Erich Buck

Personal information
- Born: 5 January 1949 (age 77) Ravensburg, Allied-occupied Germany

Figure skating career
- Country: West Germany
- Retired: 1973

Medal record
Figure skating
Ice dancing
Representing West Germany
| Silver medal – second place | 1973 Bratislava | Ice dancing |
| Silver medal – second place | 1972 Calgary | Ice dancing |
| Silver medal – second place | 1971 Lyon | Ice dancing |
| Bronze medal – third place | 1970 Ljubljana | Ice dancing |
European Championships
| Silver medal – second place | 1973 Cologne | Ice dancing |
| Gold medal – first place | 1972 Gothenburg | Ice dancing |
| Silver medal – second place | 1971 Zürich | Ice dancing |
| Silver medal – second place | 1970 Leningrad | Ice dancing |

= Erich Buck =

German former ice dancer

Erich Buck (born 5 January 1949) is a German former ice dancer who competed for West Germany. With his sister Angelika Buck, he is the 1972 European champion, a four-time World medalist, and a six-time West German national champion.

== Career ==
Angelika and Erich Buck were coached by Betty Callaway in Oberstdorf.
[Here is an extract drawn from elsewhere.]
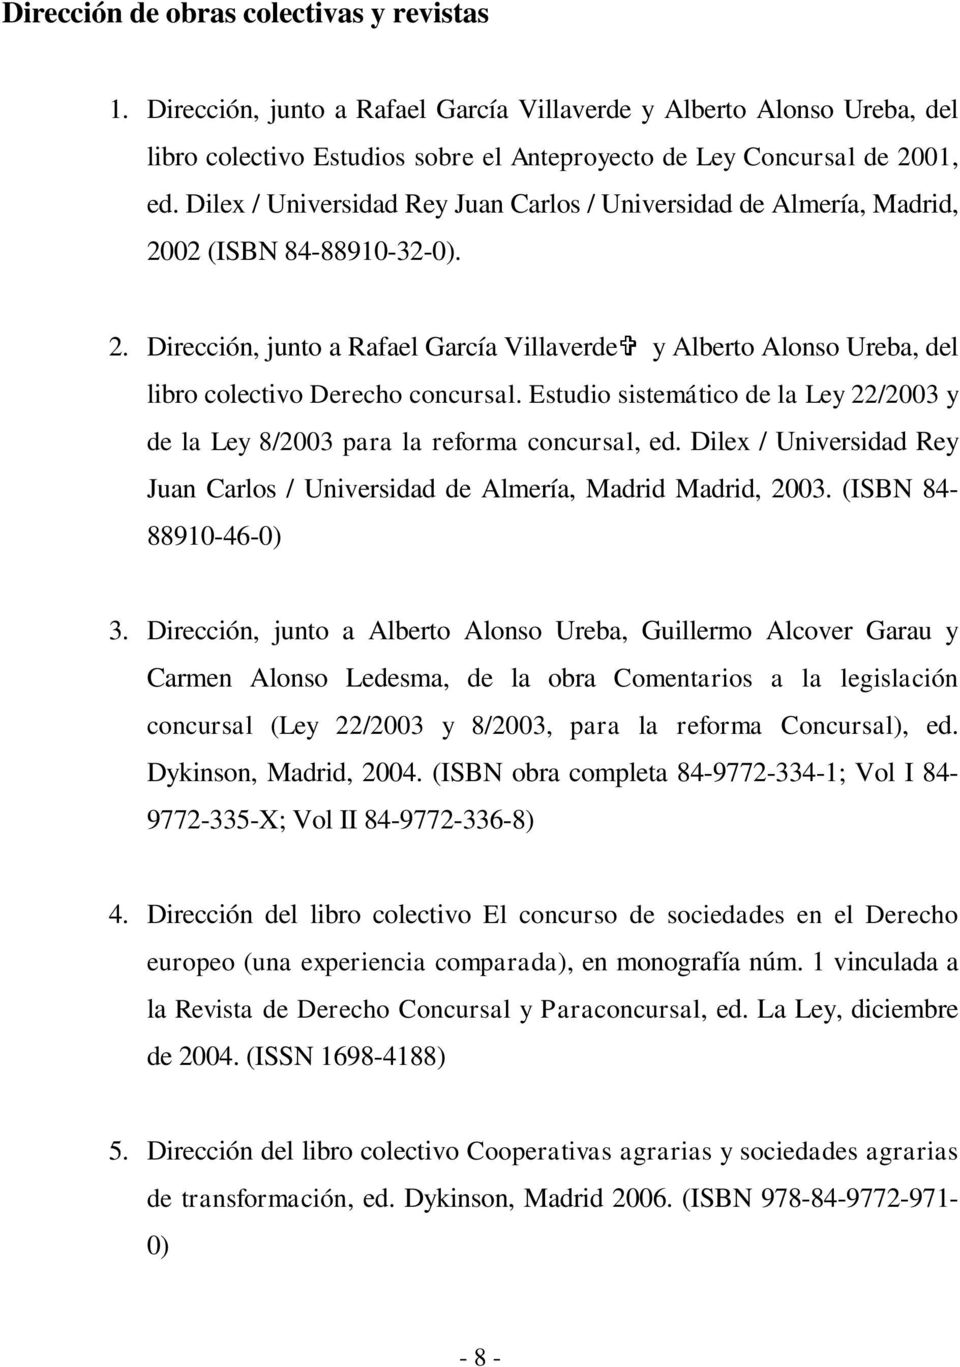 Estudio sistemático de la Ley 22/2003 y de la Ley 8/2003 para la reforma concursal, ed. Dilex / Universidad Rey Juan Carlos / Universidad de Almería, Madrid Madrid, 2003. (ISBN 84-88910-46-0) 3.

They represented West Germany and the ERV Ravensburg club.

The Buck siblings started their career by placing 13th at the 1966 European Championships, going on to come in 10th at the Worlds Championships in 1967. They came in sixth place at the 1968 European Championships, in fourth place at the 1969 Europeans, in eighth place at the 1968 Worlds and in fifth place at the 1969 Worlds.

They were the first Germans to capture the European ice dancing title. They did so at the 1972 European Championships in Gothenburg, upsetting Lyudmila Pakhomova / Alexander Gorshkov. They also won three silver medals at Europeans and four medals at the World Championships (three silver and one bronze). They took gold at the West German Championships six times.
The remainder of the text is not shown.